Не будет преувеличением сказать, что жизнь в доме Воейкова оказалась сущим адом – и нам еще предстоит в него погрузиться; пока же ограничимся лишь внешним – но все равно черным – фоном, на котором появился Мойер и изредка появлялся Жуковский.
Этим, собственно, и оправдывается некоторое отождествление Мойера с Жуковским – и в письмах Маши эти два имени могут легко взаимозаменяться. Мойер был похож на Жуковского, это – души родственные (так, по меньшей мере, считает Виктор Афанасьев в своей биографии Жуковского /1.176/, у Бориса Зайцева же иное: «Маша совсем не имела к Мойеру чувства, как к Жуковскому» /3.75/).
Как бы то ни было, прежней любви требовалась замена – замена ли? – и ученица искала отражение, тень своего учителя…
Жуковский все же еще надеялся на личное счастье, просит Машу об отсрочке (эта любовь кажется обреченной именно на отсрочку, на выжидание лучших времен) на год – в известном письме от 25 декабря 1815 года. Потом почти упрекает Машу в том, что она идет замуж не по своей воле – «Ты бросаешься в руки Мойеру потому, что тебе другого нечего делать», потому, что обстоятельства, в непререкаемость и неизменность которых Жуковский слепо верил, сложились так, а не иначе, что обстановка оказалась слишком ужасна и, почти воочию, безвыходна.
И все же суть остается в другом.
То, чего не смог сделать сам Жуковский, сделал за него Мойер.
Маша и Иван Филиппович обвенчались в январе 1817 года…
* * *
Через несколько дней Маша напишет Авдотье Петровне письмо с таким признанием: «Бог дал мне счастье, послав Мойера, но я не ждала счастья, а видела одну возможность перестать страдать».
А жить можно, как говорил Жуковский, и без счастья…
Это «воспитание чувств» просто поразительно – даже самый суровый аскет счел бы убийственным отказ от счастья, каким бы малым оно не было. Но в том, должно быть, и состояла бессмертная участь Агасфера – жизнь без счастья и бегство от страдания.
Будет и отречение, пусть поневоле, – Жуковский даже узаконит его в своем стихотворном послании к Мойеру:
Счастливец! ею ты любим,
Но будет ли она любима так тобою,
Как сердцем искренним моим,
Как пламенной моей душою!
Возьми ж их от меня…
«Ею ты любим…» – как будто Жуковский не знал, кто именно ею любим…
Еще накануне свадьбы Жуковский приезжал в Дерпт «все увидеть своими глазами», поговорить с Мойером. Майя Бессараб называет эту встречу удивительной: не породившей неприязни соперников.

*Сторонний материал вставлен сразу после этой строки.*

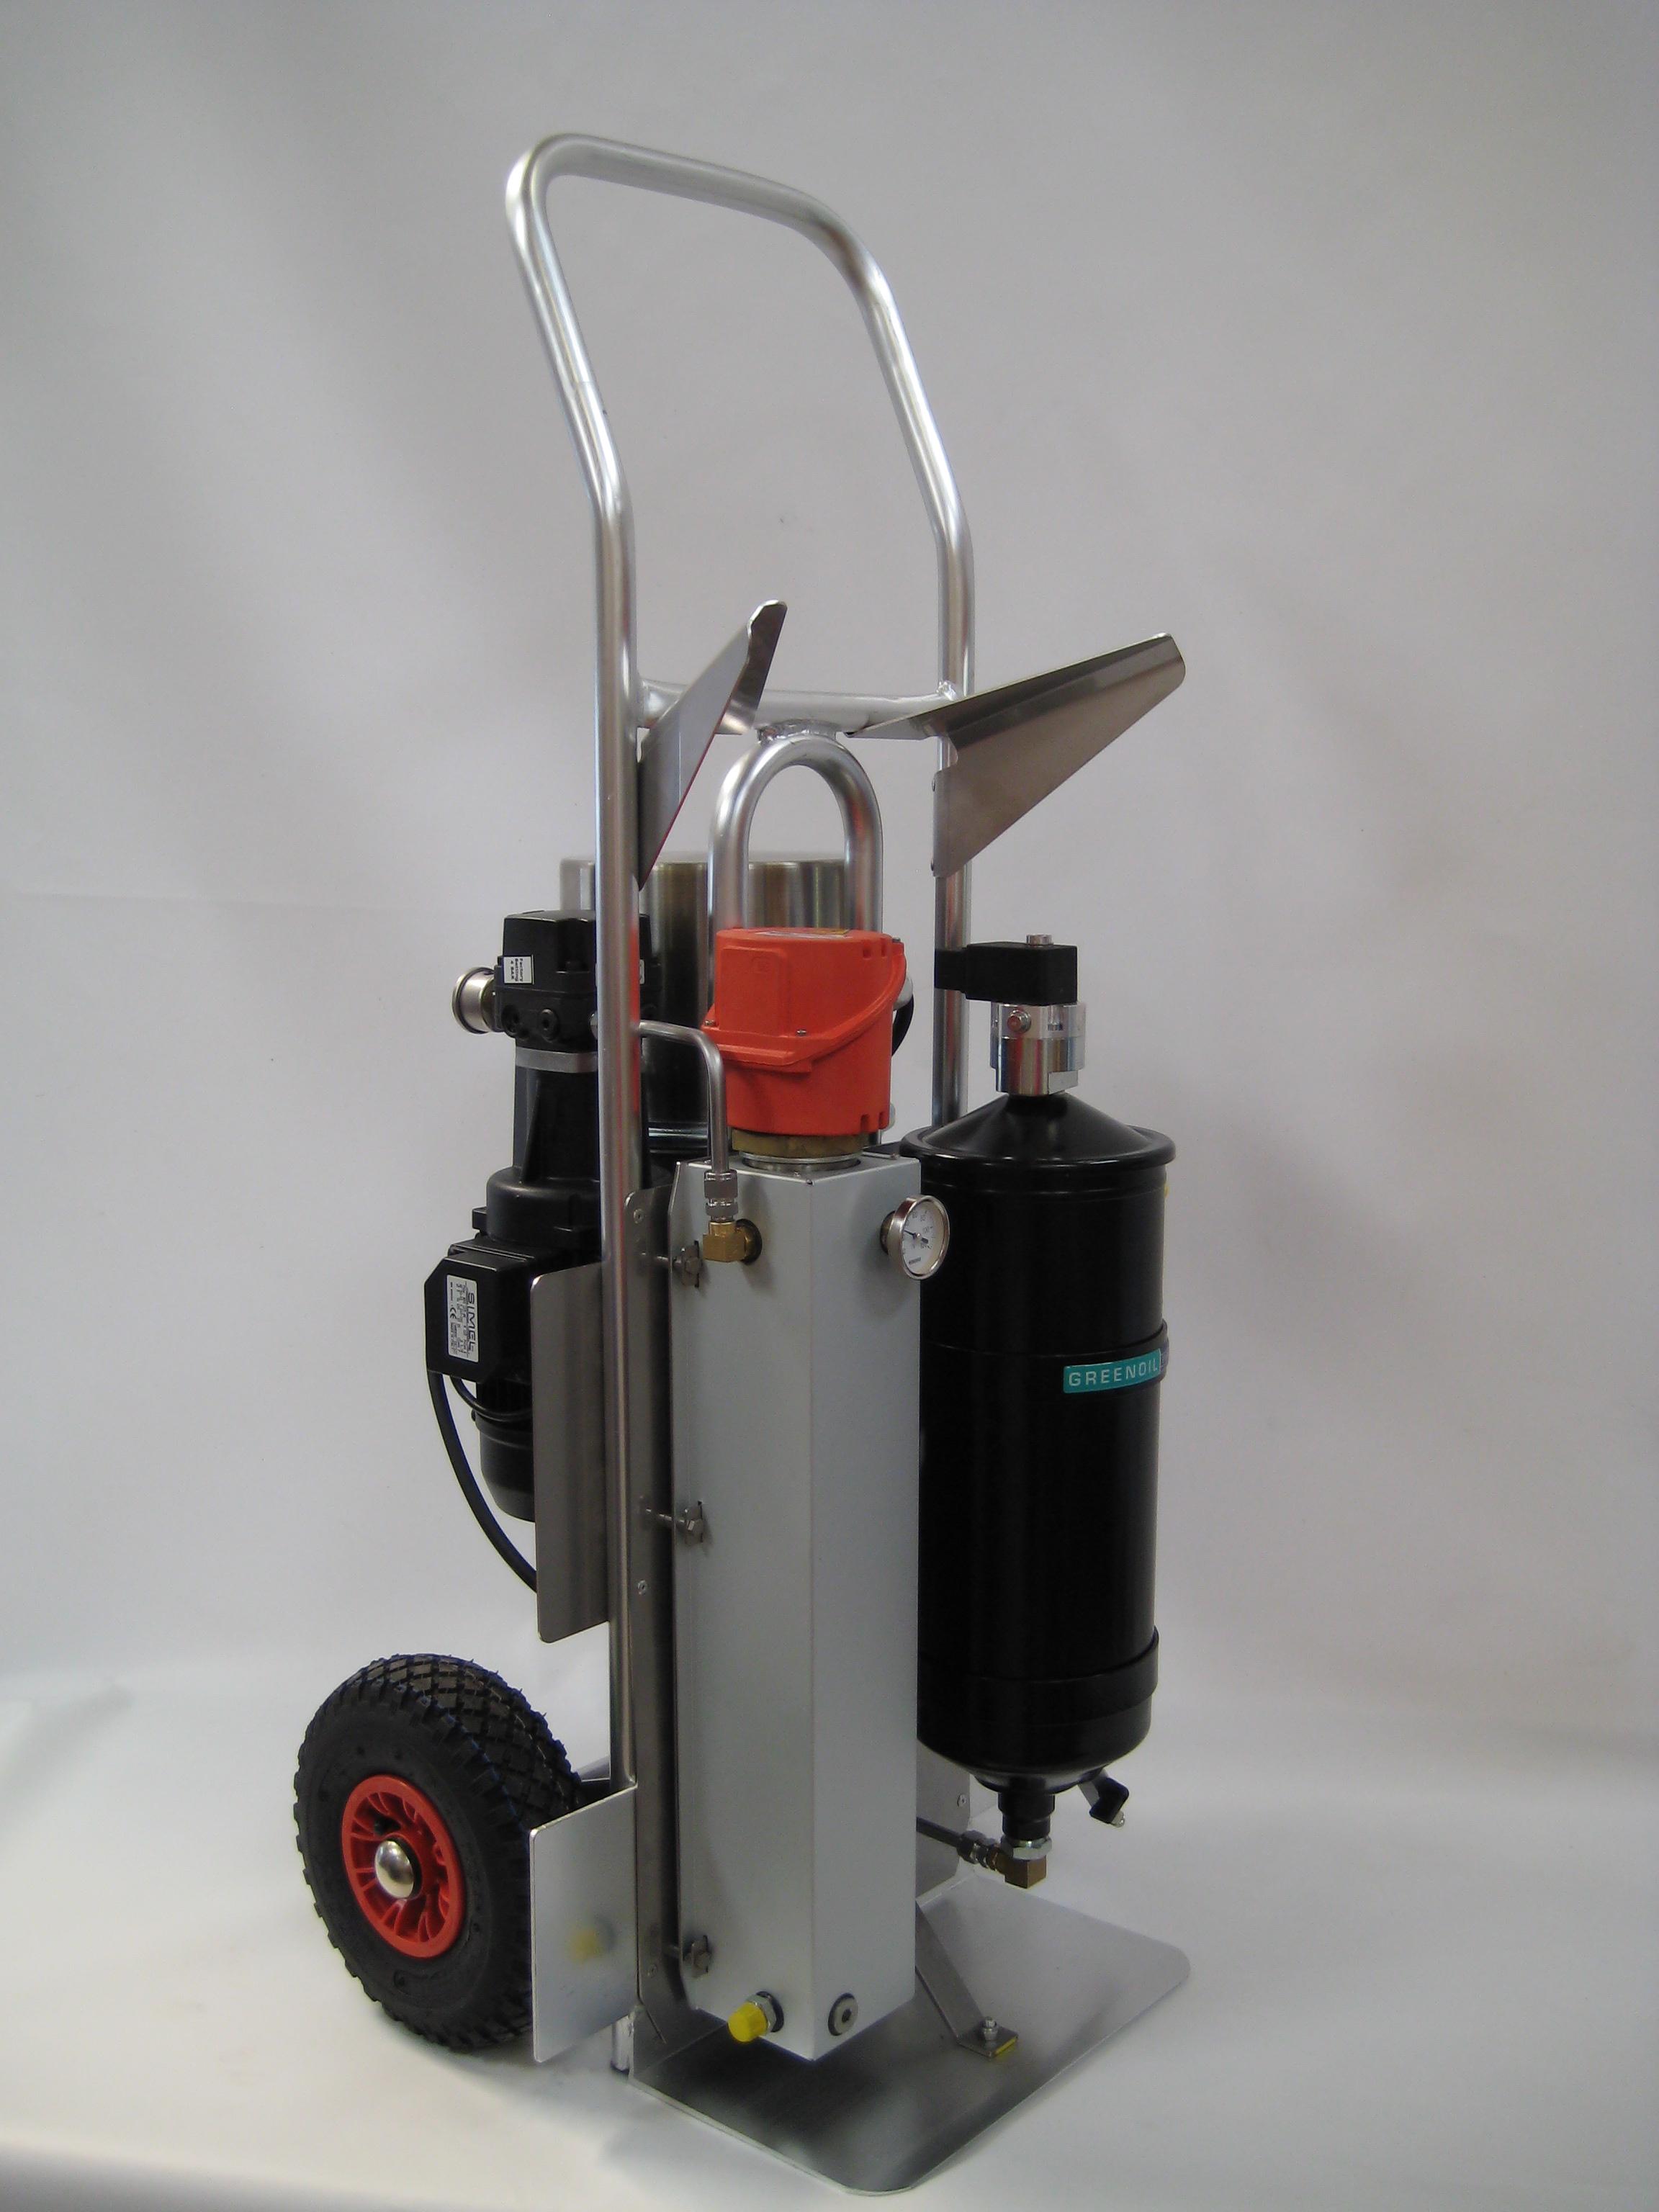 GreenOil WP1-CH1-100-MOB

Основание для такой трактовки – письмо Маши к Киреевской: «Они говорили обо всем вместе, искренно и с чистосердечным желанием найти мое счастье. Мойер любит Жуковского больше всего на свете, он говорит, что откажется навсегда от счастья, как скоро минуту будет думать, что не все трое мы найдем его».

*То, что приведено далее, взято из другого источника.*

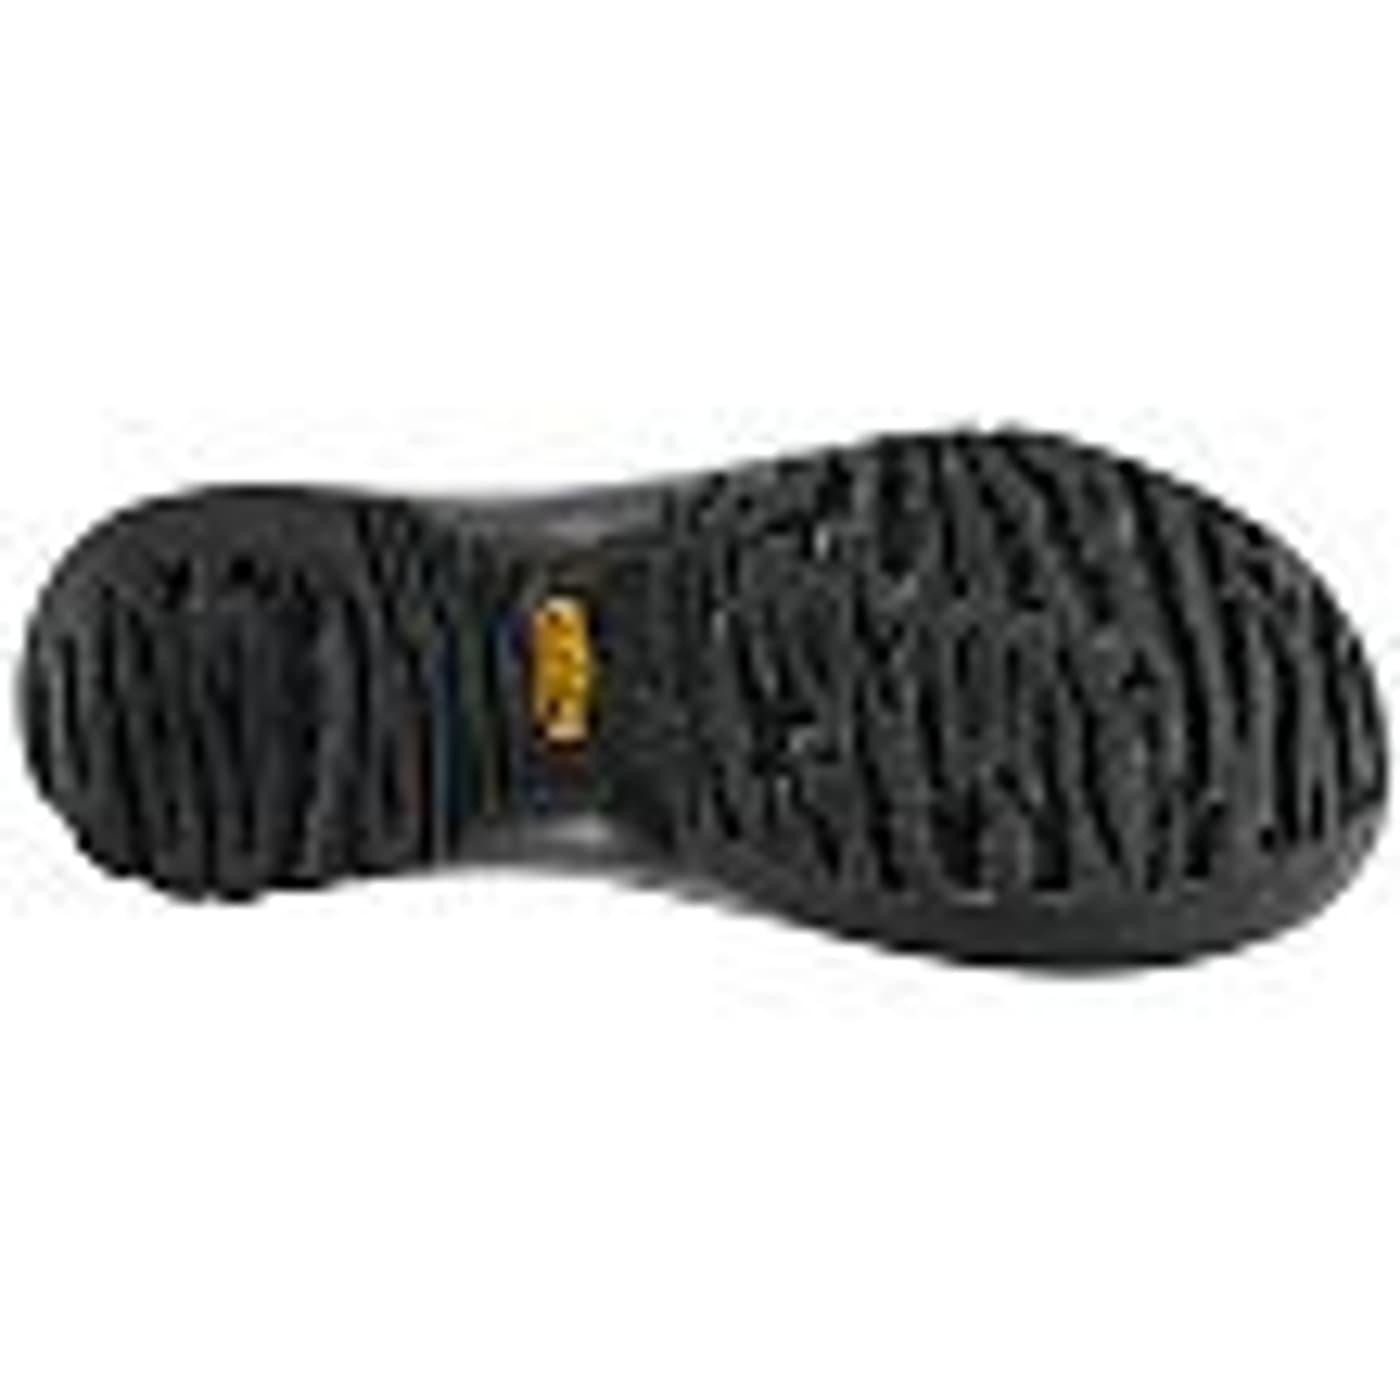 info for 022c5 5255d Keen Whisper Damen-Trekking Sandale

В итоге не менее удивительный вывод биографа: «Как ни велики были страдания Жуковского, в сердце его не было ревности» /2, 120—121/. Вот этому я и не могу поверить (быть может, есть люди, лишенные этого чувства, но я покамест таких не встречал). Не верится мне и в саму «удивительность» этой встречи – слишком много сентиментальной умиротворенности, слишком много «любовных признаний». И еще: если не было неприязни соперников, если не было никакой ревности, то что же тогда было?
«Душа как будто деревянная, – писал Жуковский Ал. Тургеневу. – Мое теперешнее положение есть усталость человека, который долго боролся с сильным противником» (с Мойером, с Екатериной Афанасьевной, с обстоятельствами? – В.Л.)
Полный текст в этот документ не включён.